Methodological Individualism and the Old Testament

Having been brought up a Catholic, I knew very little about the Bible. But as I learn more, I am occasionally get a glimmer of insight into the overall movement of the text. And just yesterday, it struck me that...

If methodological individualism were correct, than the Old Testament is false in a way far beyond anything to do with whether there really was a big flood or a tower to heaven. Those things could always be re-interpreted as metaphors. But the whole narrative of the Old Testament is about a relationship and a covenant between God and Israel. Israel... which, per methodological individualism, does not really exist, and can't enter into any sort of covenant. But which, nonetheless, has promises made to it, and is punished, and goes back on its promises, etc. etc. And it's not just Israel; much of the text deals with nations as corporate entities:

"In that day shall there be a highway out of Egypt to Assyria, and the Assyrian shall come into Egypt, and the Egyptian into Assyria, and the Egyptians shall serve with the Assyrians. In that day shall Israel be the third with Egypt and with Assyria, even a blessing in the midst of the land: Whom the LORD of hosts shall bless, saying, Blessed be Egypt my people, and Assyria the work of my hands, and Israel mine inheritance."

24 comments:

  1. Newpapers write things like "company X has done a deal with company Y" all the time. The articles don't show that methodological individualism is "incorrect." The phrases are just concise ways to explain complicated events which involve many actors. If someone wants to learn more about the deal, then they may study it at the level of individual actor decisions.

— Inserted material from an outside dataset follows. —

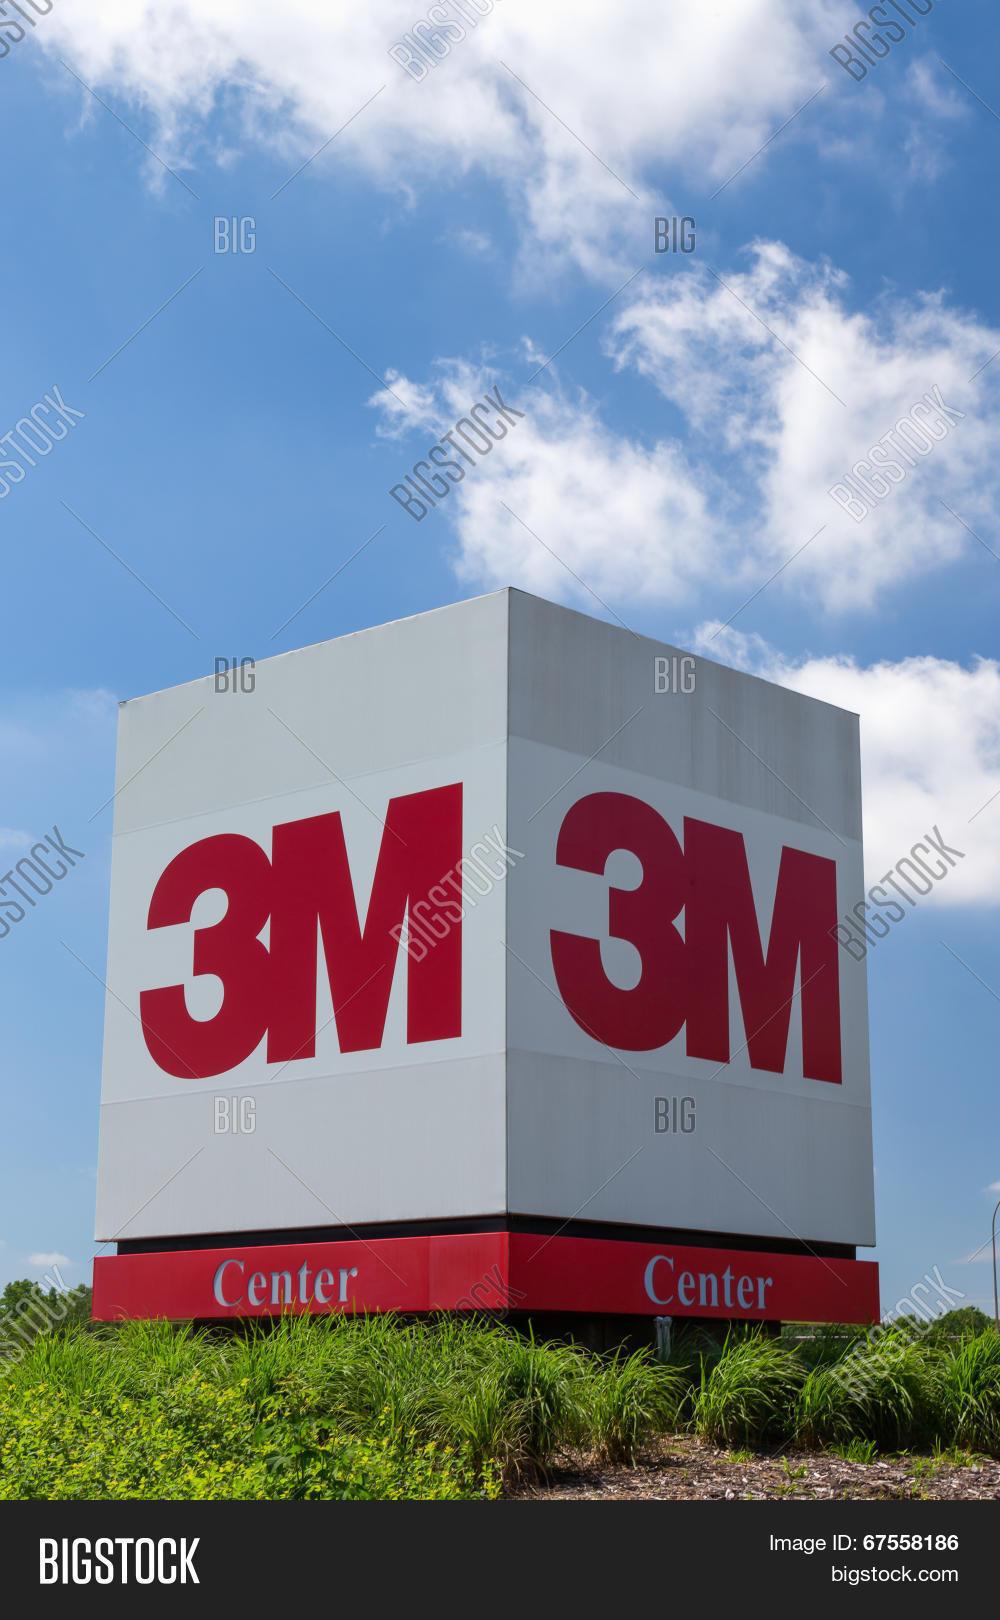 3M Corporate Image & Photo (Free Trial) | Bigstock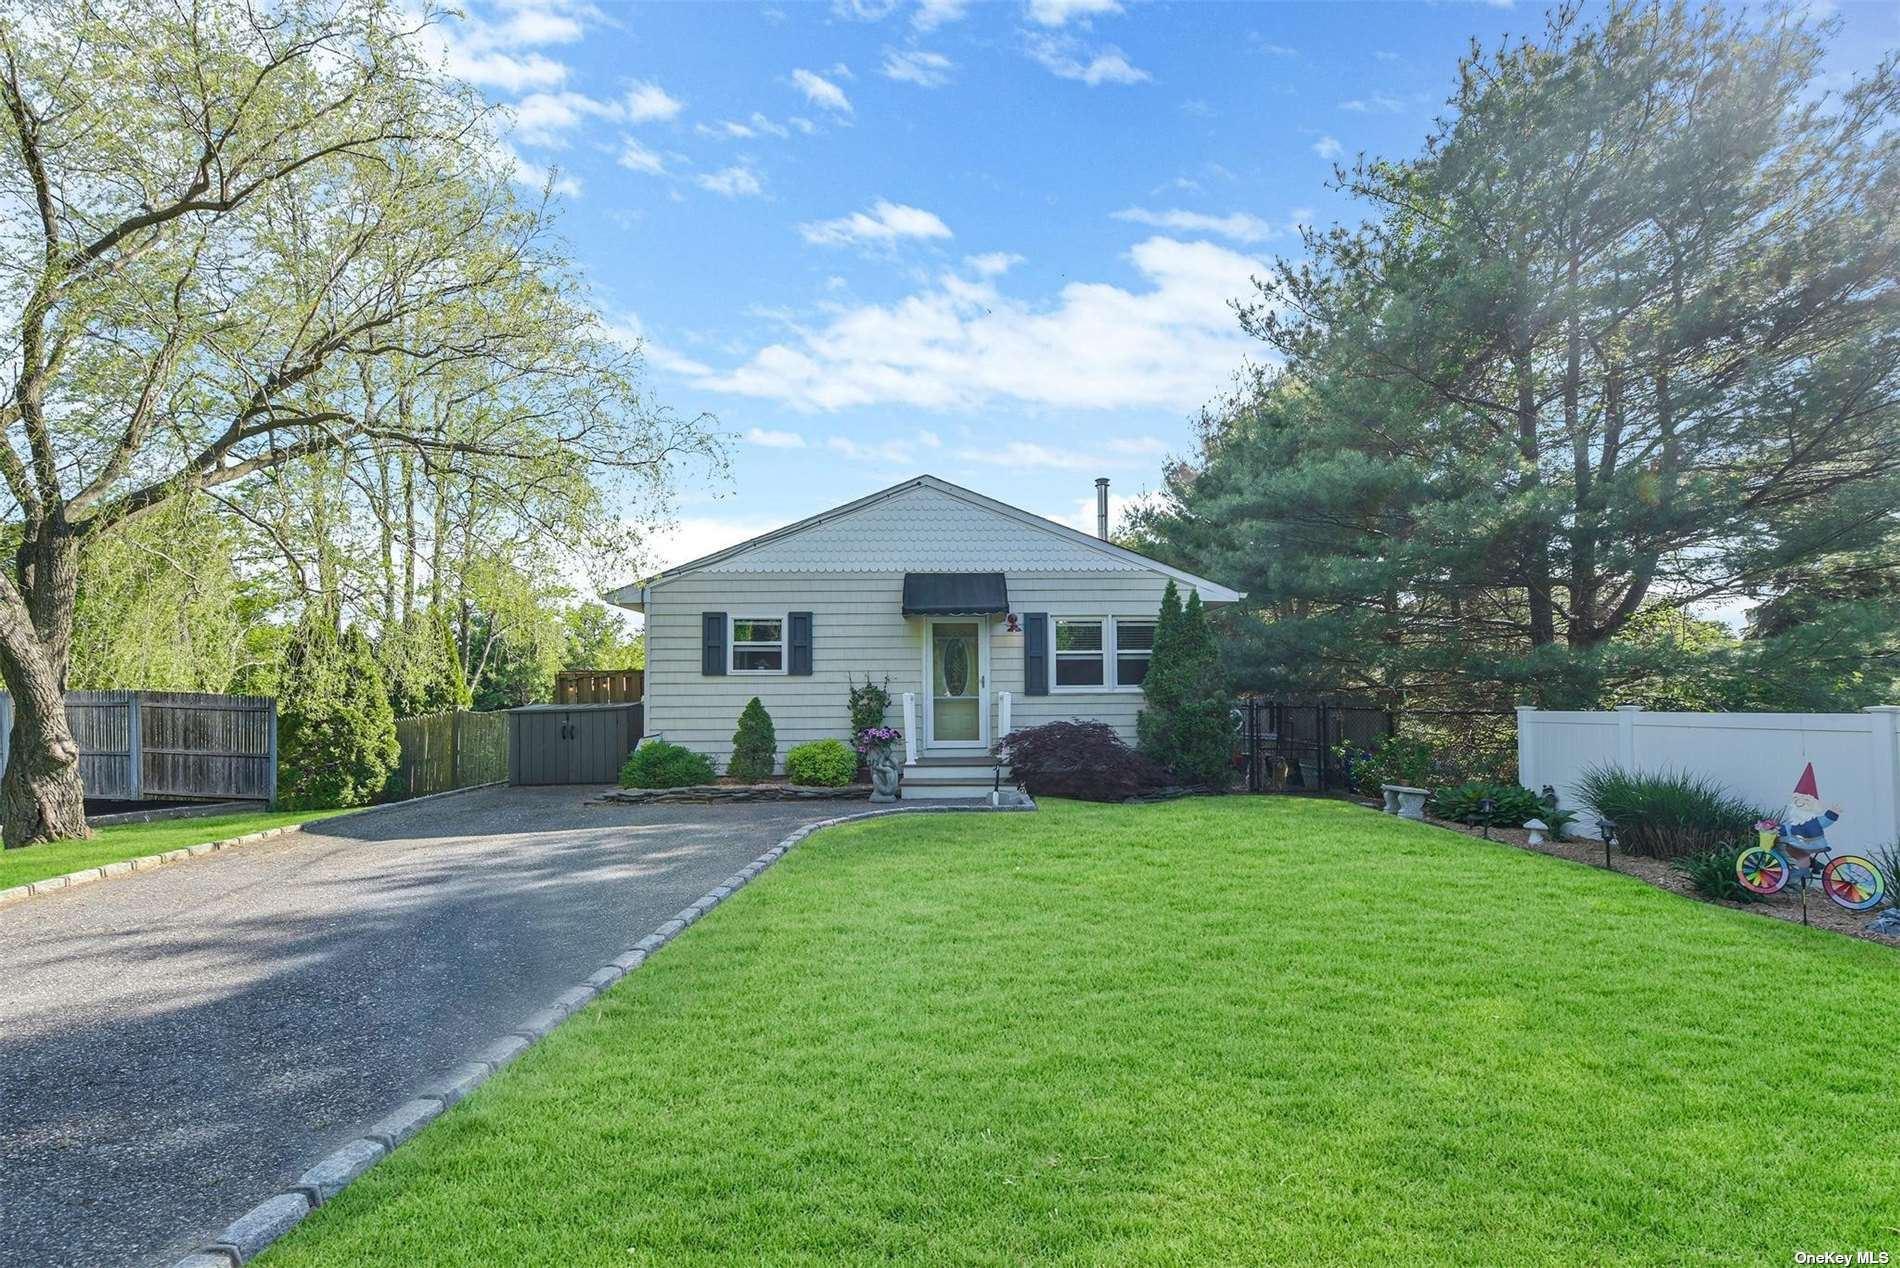 186 Eastport Manor Road, Manorville, NY 11949 - MLS#: 3315052

    The convention is the same if one of the parties is an individual: "Company X hired Gene."

    Any reason why an ancient writer would not use similar conventions?

    Now I think it's true that God in the Old Testament sometimes wipes out large groups of people at once [e.g. the flood]. But is there any reason to think this is not just "Ugh, this civilization experiment has failed. Time to start another one..."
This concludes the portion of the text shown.